Einer der Zeugen sagte aus, dass er von seinem Haus aus den Mercedes von Samir C. und den Twingo von Arda K. auf der B 13 beobachtet hätte. Die beiden Fahrer hätten nur einen Meter Abstand zueinander gehalten und sich auf der Straße „duelliert“. Und das zweimal, das erste Mal bereits 30 Minuten vor dem tödlichen Unfall. Doch das Gericht ging in der Bewertung der Zeugenaussagen später nicht darauf ein. Ganz anders wurde die Aussage eines weiteren Zeugen bewertet, der erklärte, er habe den Mercedes vor dem Unfall auf der B 13 gesehen, wie er aus einer 60er-Zone herausfuhr. Dort hätte der Fahrer nämlich ein vorausfahrendes Fahrzeug so waghalsig überholt, dass der Zeuge da schon mit dem Schlimmsten rechnete: „Da fehlten nur Zentimeter.“ Das war nur Sekunden vor dem tödlichen Crash.
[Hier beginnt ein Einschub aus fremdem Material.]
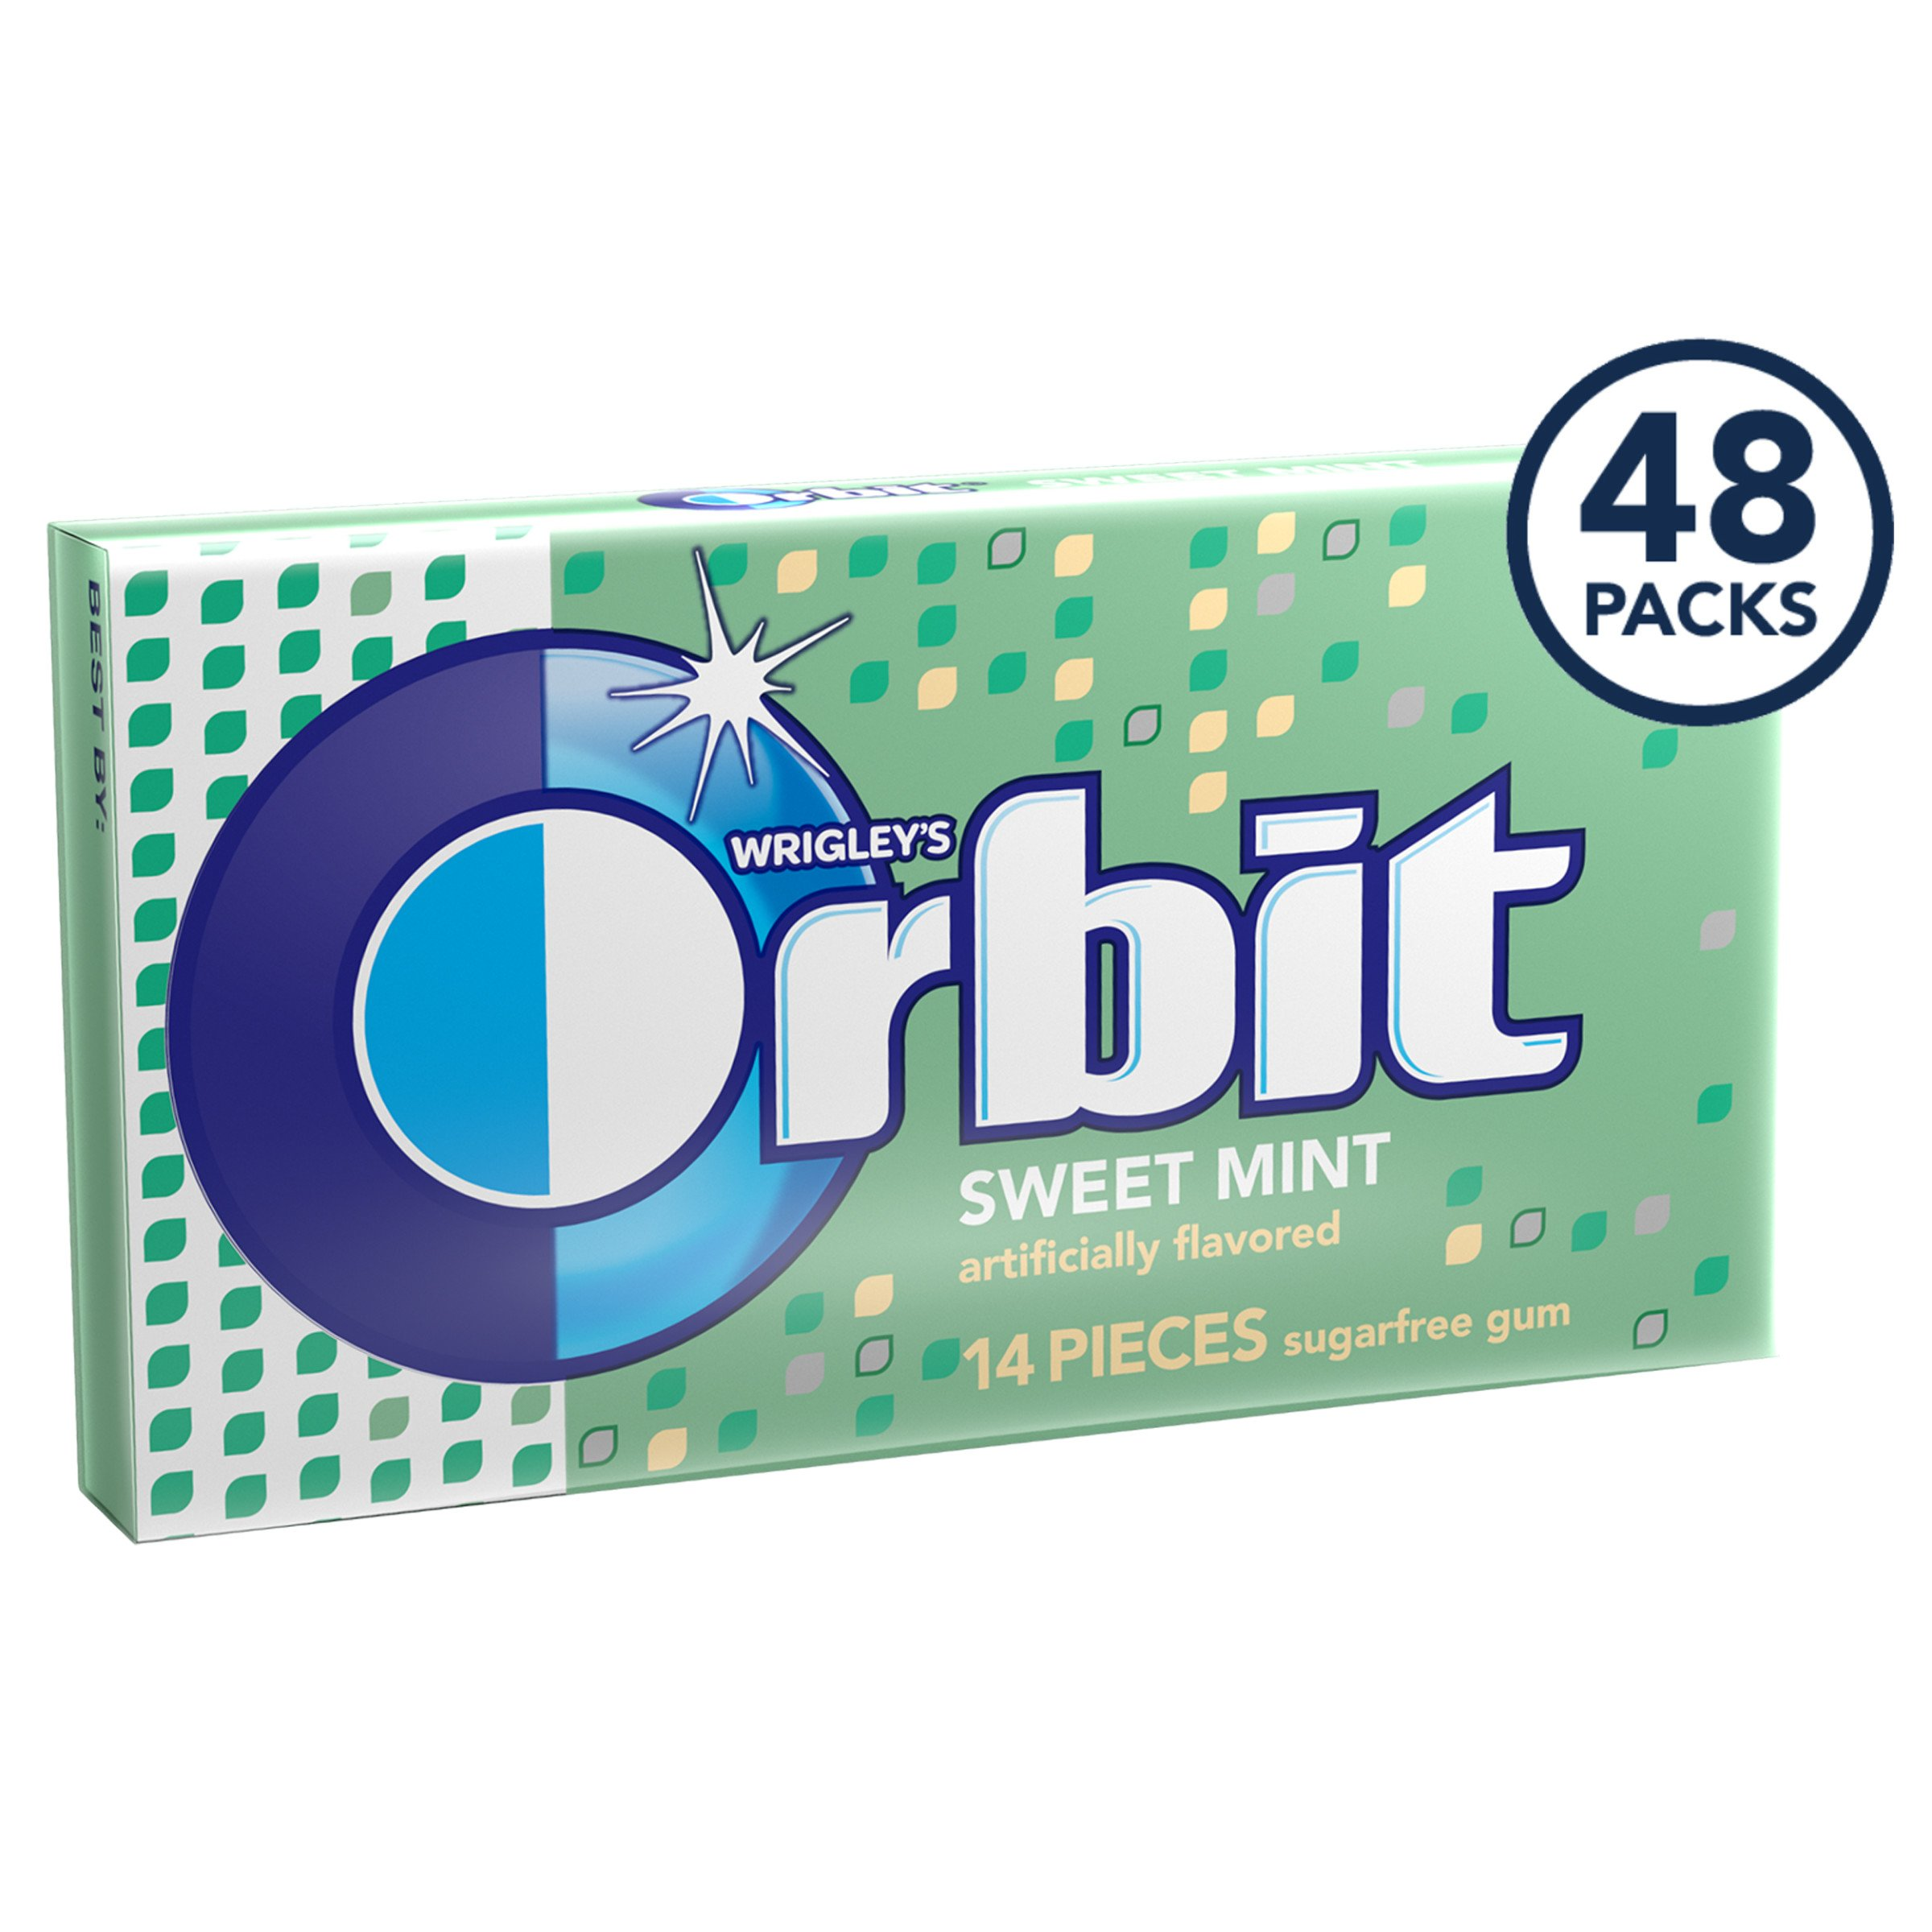 Orbit Sweet Mint Sugarfree Gum, 8 Count (Pack of 6) by Orbit Gum (Image #2)

Die Urteile des Schöffengerichts für die beiden bereits Vorbestraften waren eindeutig: Samir C. muss für 18 Monate ins Gefängnis, das Gericht lehnte es ab, die von der Verteidigung beantragte Bewährungsstrafe auszusprechen. Der wohl entscheidende Grund für die Verurteilung und die Höhe des Strafmaßes waren die beiden Gutachten. Das verkehrstechnische Gutachten bewies, dass Sabine M. beim Abbiegen schon von der Kreuzung weg gewesen wäre, wenn der Todesfahrer die dort vorgeschriebene Höchstgeschwindigkeit von 100 Kilometern pro Stunde eingehalten hätte: „Eine Mitschuld wird ausgeschlossen, da sie darauf vertrauen durfte, dass der Angeklagte vorschriftsmäßig fährt“, führte Richter Metz aus. Und das Drogengutachten belegte, dass beide Angeklagten kurz vor der Unfallfahrt Rauschgift konsumiert hatten, obwohl sie dies vehement bestritten.

Der Mitangeklagte Arda K. kam mit sechs Monaten Freiheitsentzug, ausgesetzt auf drei Jahre zur Bewährung, davon. Zu seinen Bewährungsauflagen gehören die Ableistung von 600 Sozialstunden, Drogenscreenings auf eigene Kosten, mehrere Beratungsgespräche und 500 Euro Geldbuße. Außerdem darf er einen Monat lang nicht Auto fahren.